Supplied information
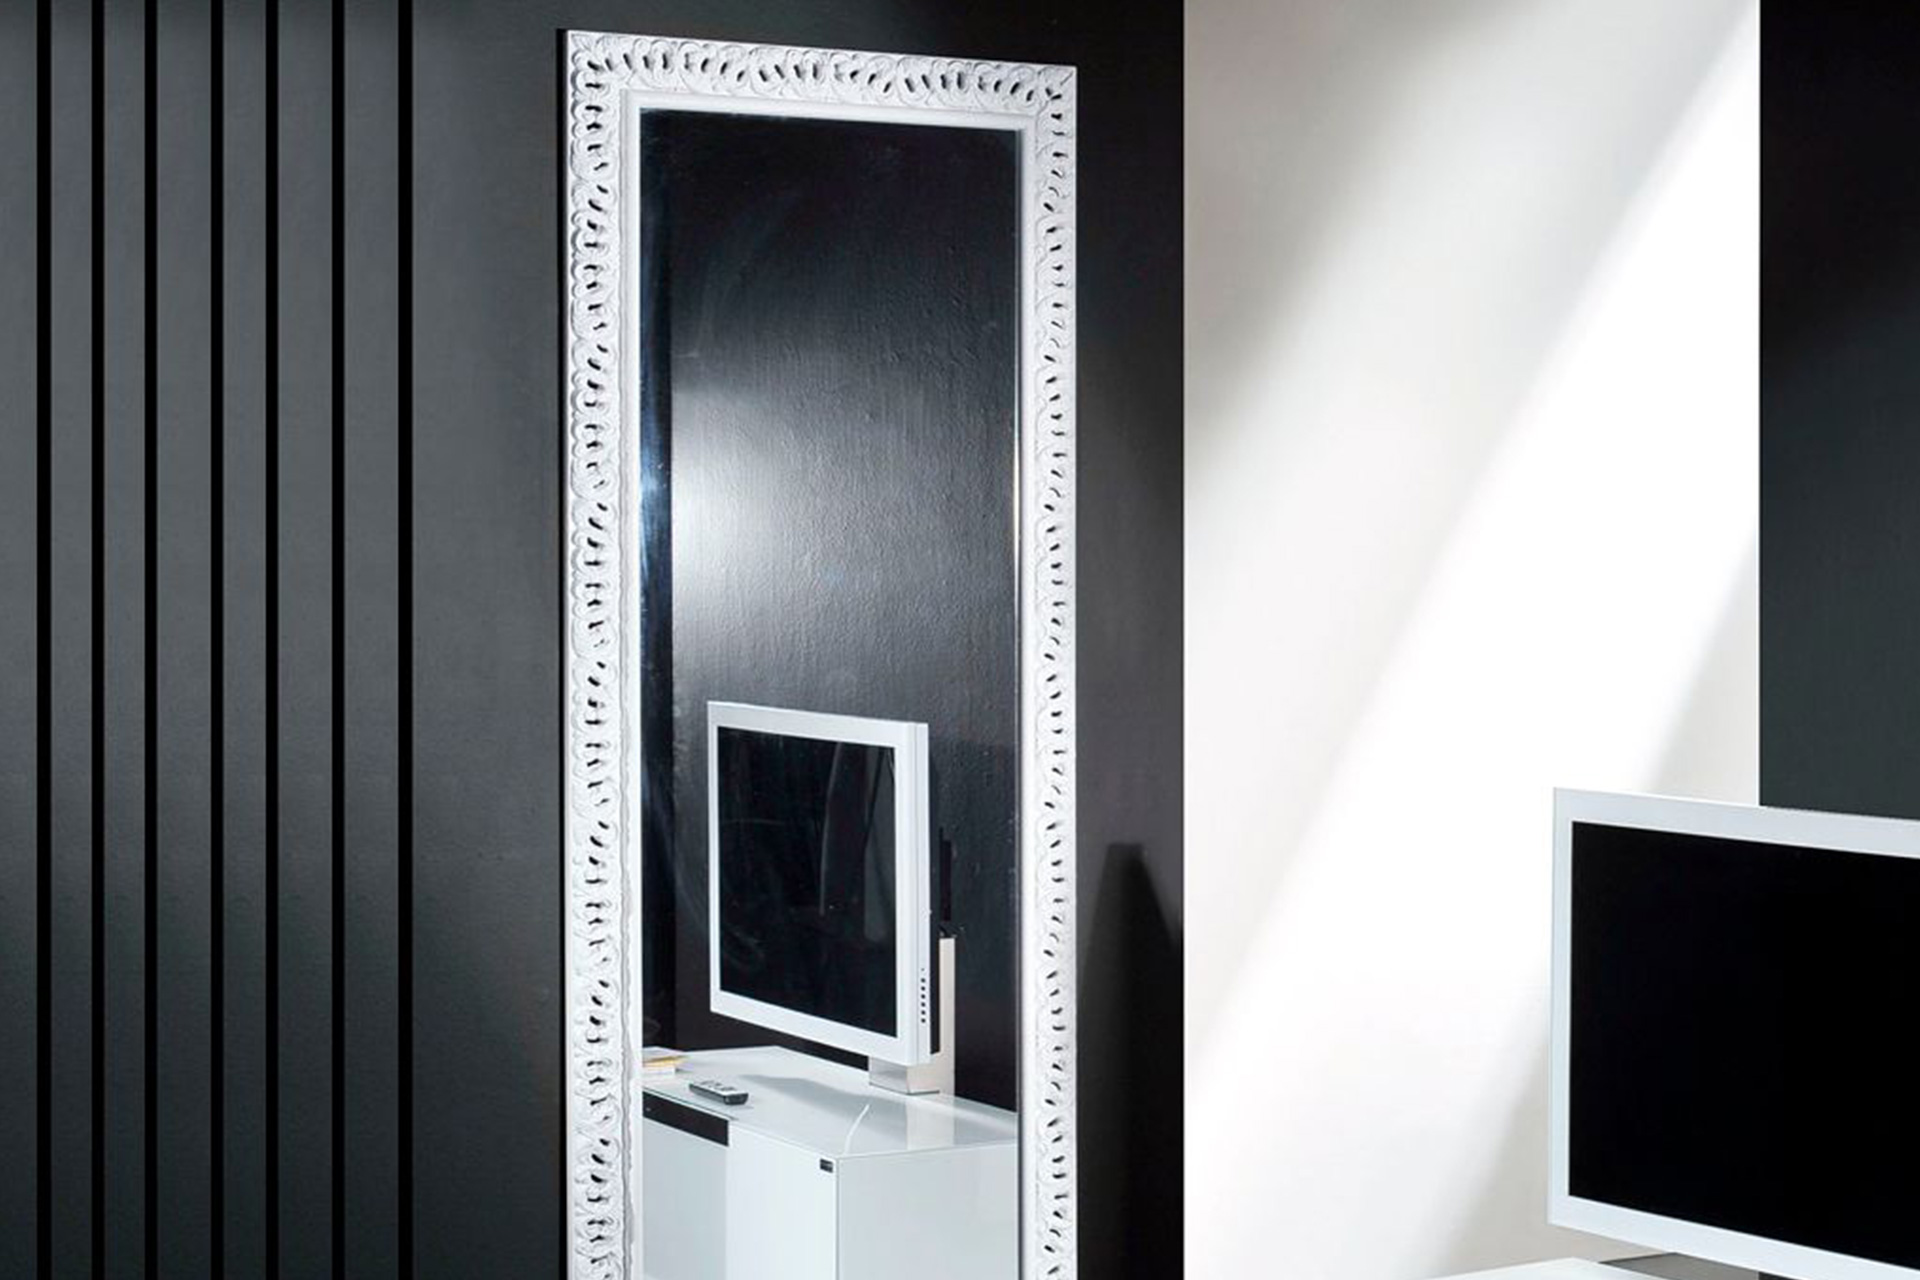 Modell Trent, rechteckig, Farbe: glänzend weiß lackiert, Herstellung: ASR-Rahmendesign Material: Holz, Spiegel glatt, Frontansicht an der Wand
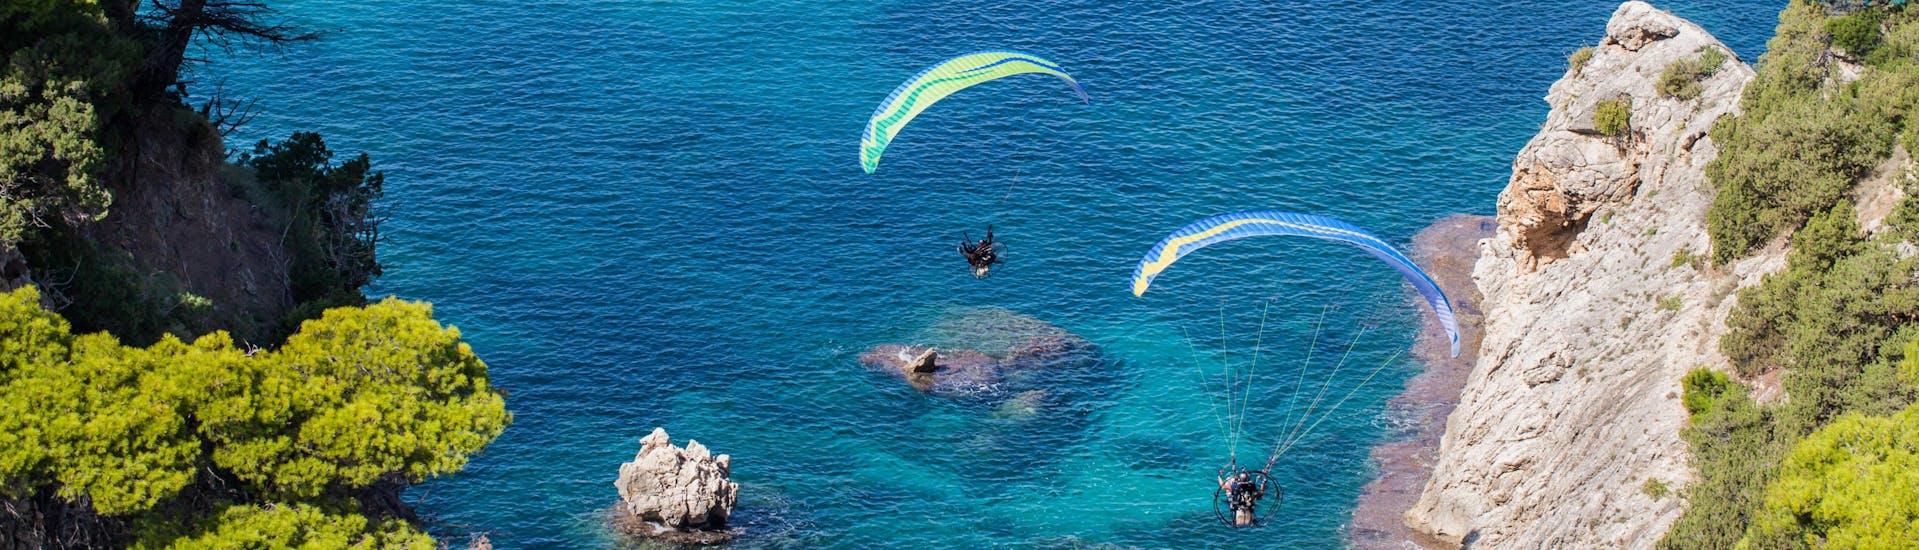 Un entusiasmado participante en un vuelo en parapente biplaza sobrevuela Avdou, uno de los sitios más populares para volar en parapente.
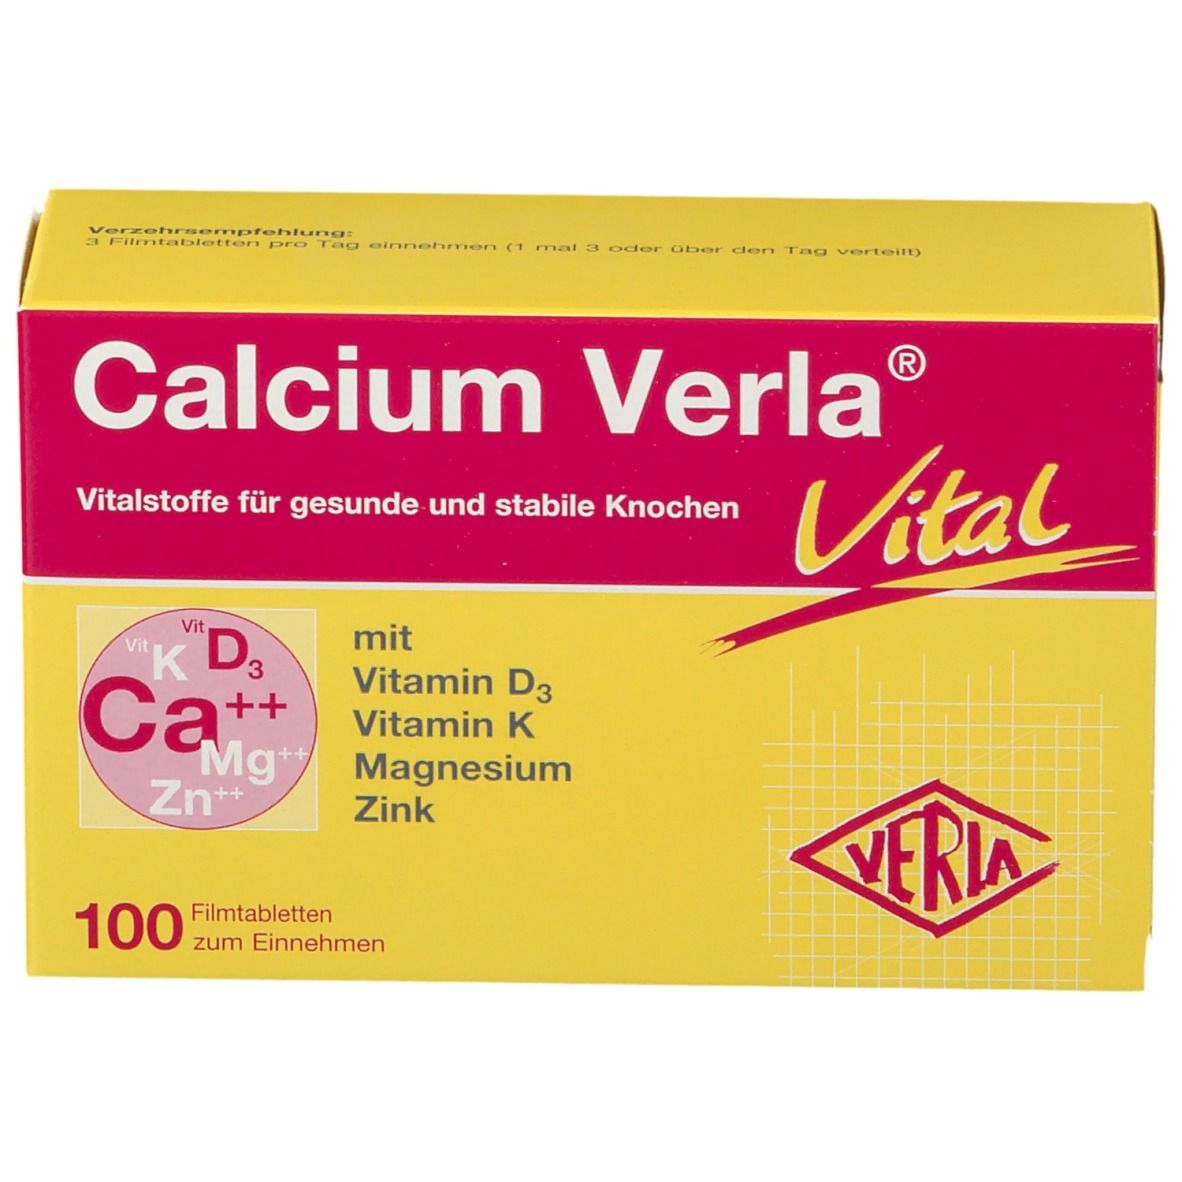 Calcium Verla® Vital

Work request
Copy exactly, and copy only, the lines from the one bearing "Un entusiasmado participante" through the closing line of the material, with both ends kept and pictures removed.

Expected answer
 Un entusiasmado participante en un vuelo en parapente biplaza sobrevuela Avdou, uno de los sitios más populares para volar en parapente.
 Calcium Verla® Vital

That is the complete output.